◆ **Action item**
Return the data below exactly, minus the pictures.

◆ **Source material**
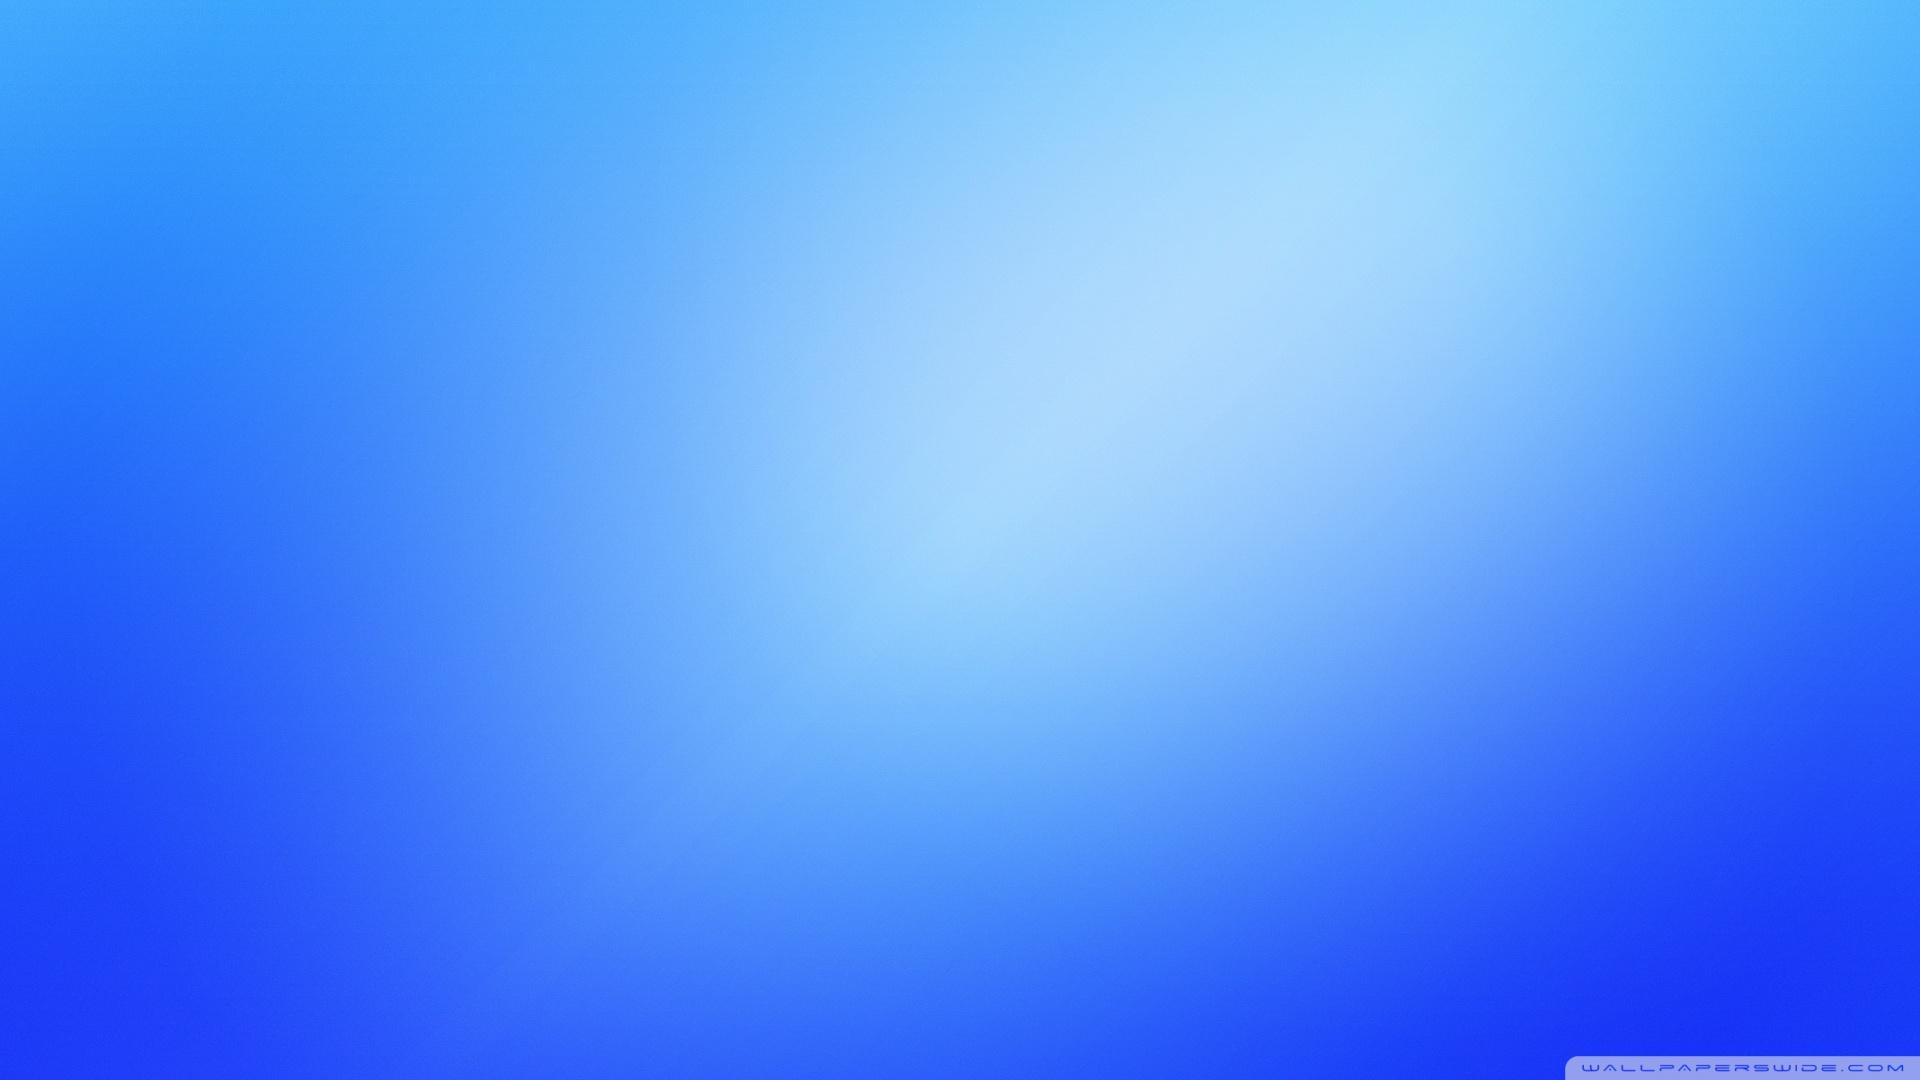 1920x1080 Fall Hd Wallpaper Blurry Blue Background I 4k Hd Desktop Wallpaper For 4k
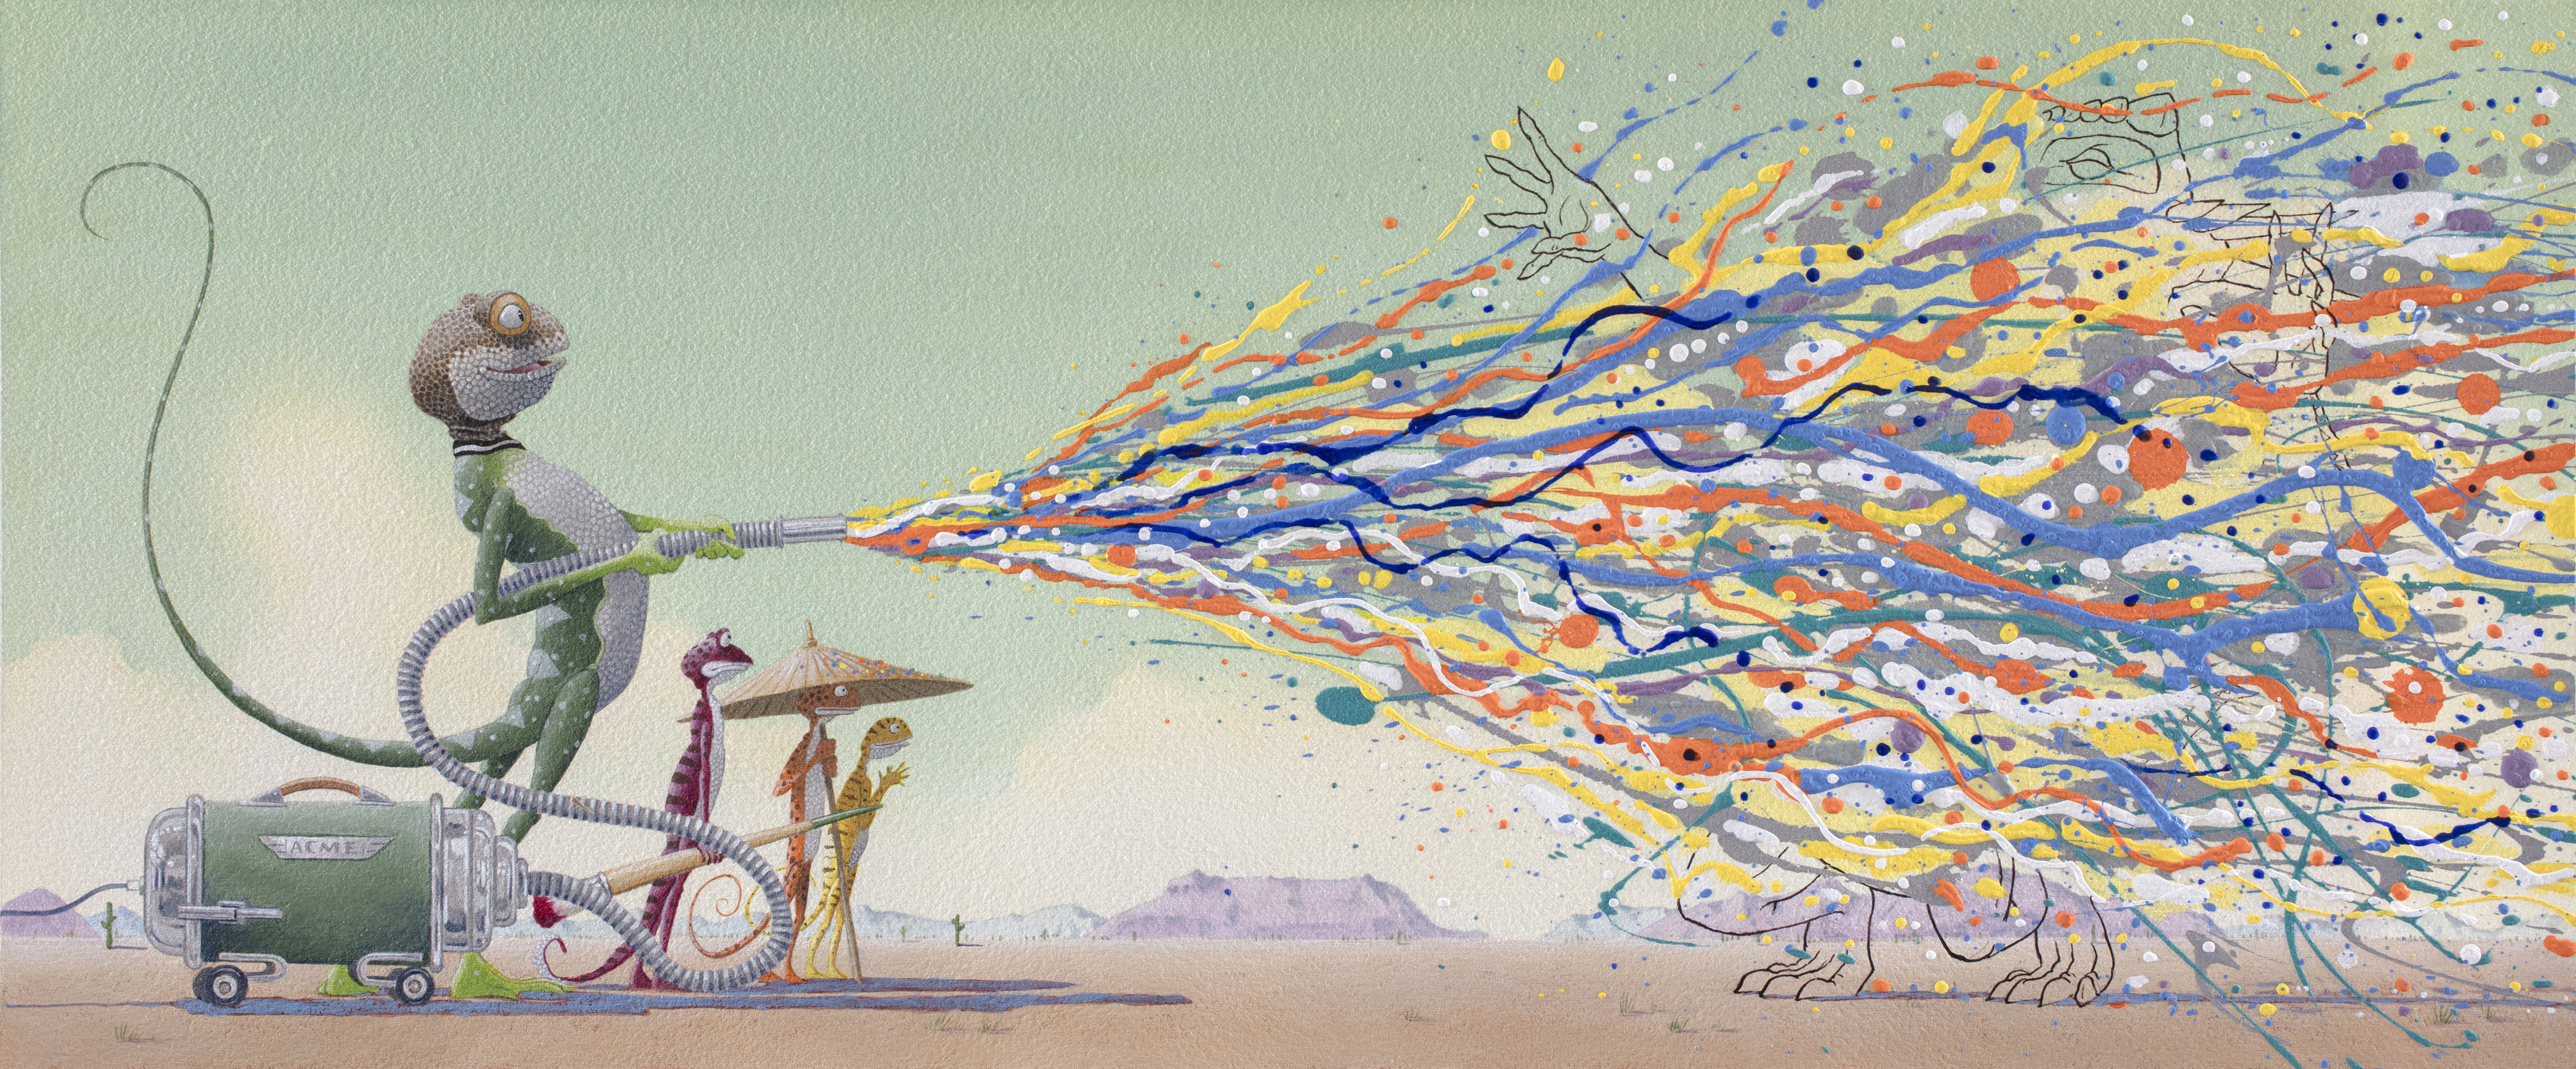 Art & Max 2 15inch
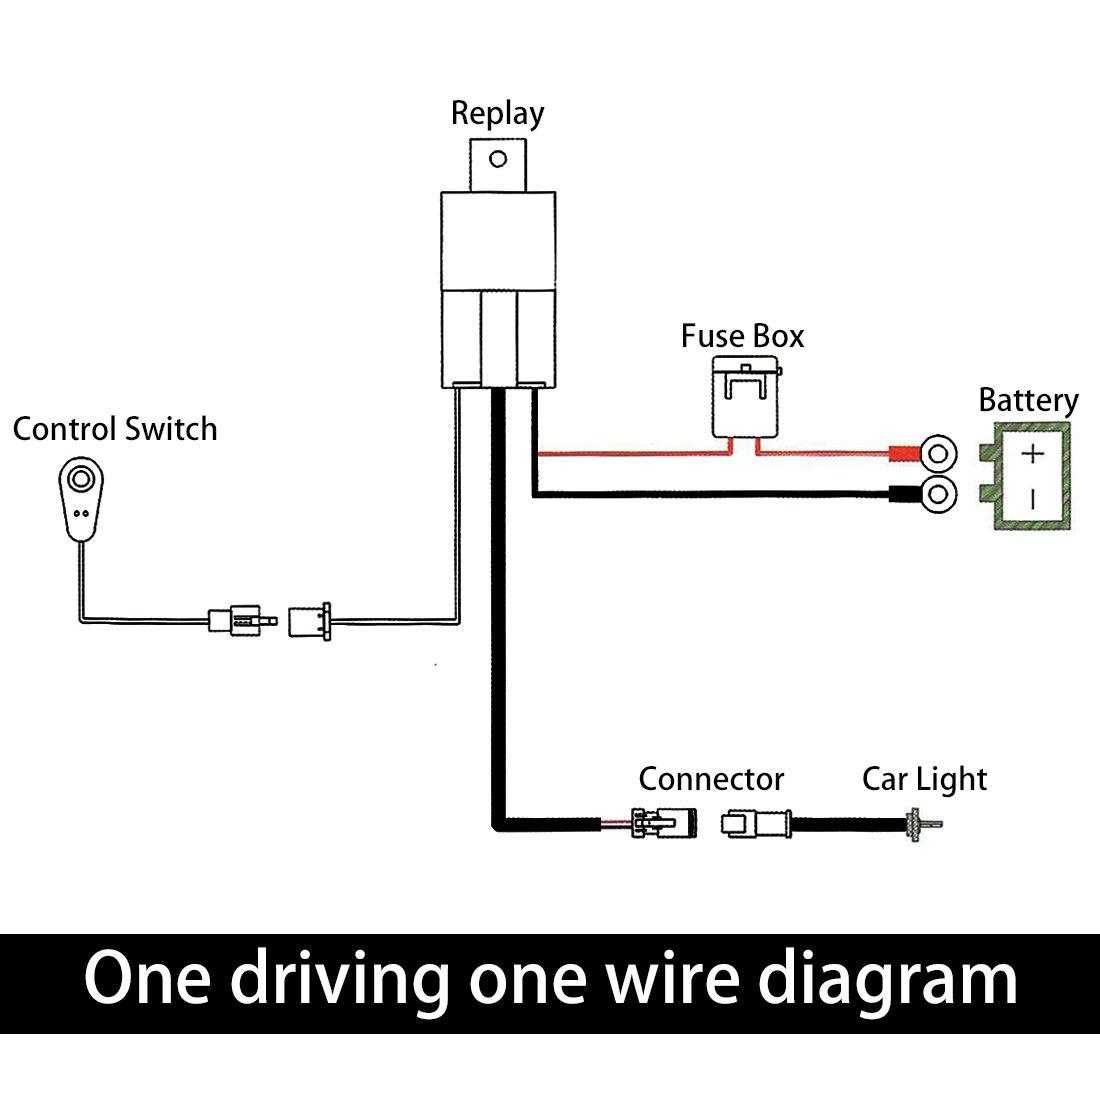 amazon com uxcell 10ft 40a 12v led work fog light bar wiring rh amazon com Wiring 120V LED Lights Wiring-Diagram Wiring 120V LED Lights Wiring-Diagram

◆ **Output for this exercise**
 1920x1080 Fall Hd Wallpaper Blurry Blue Background I 4k Hd Desktop Wallpaper For 4k
 Art & Max 2 15inch
 amazon com uxcell 10ft 40a 12v led work fog light bar wiring rh amazon com Wiring 120V LED Lights Wiring-Diagram Wiring 120V LED Lights Wiring-Diagram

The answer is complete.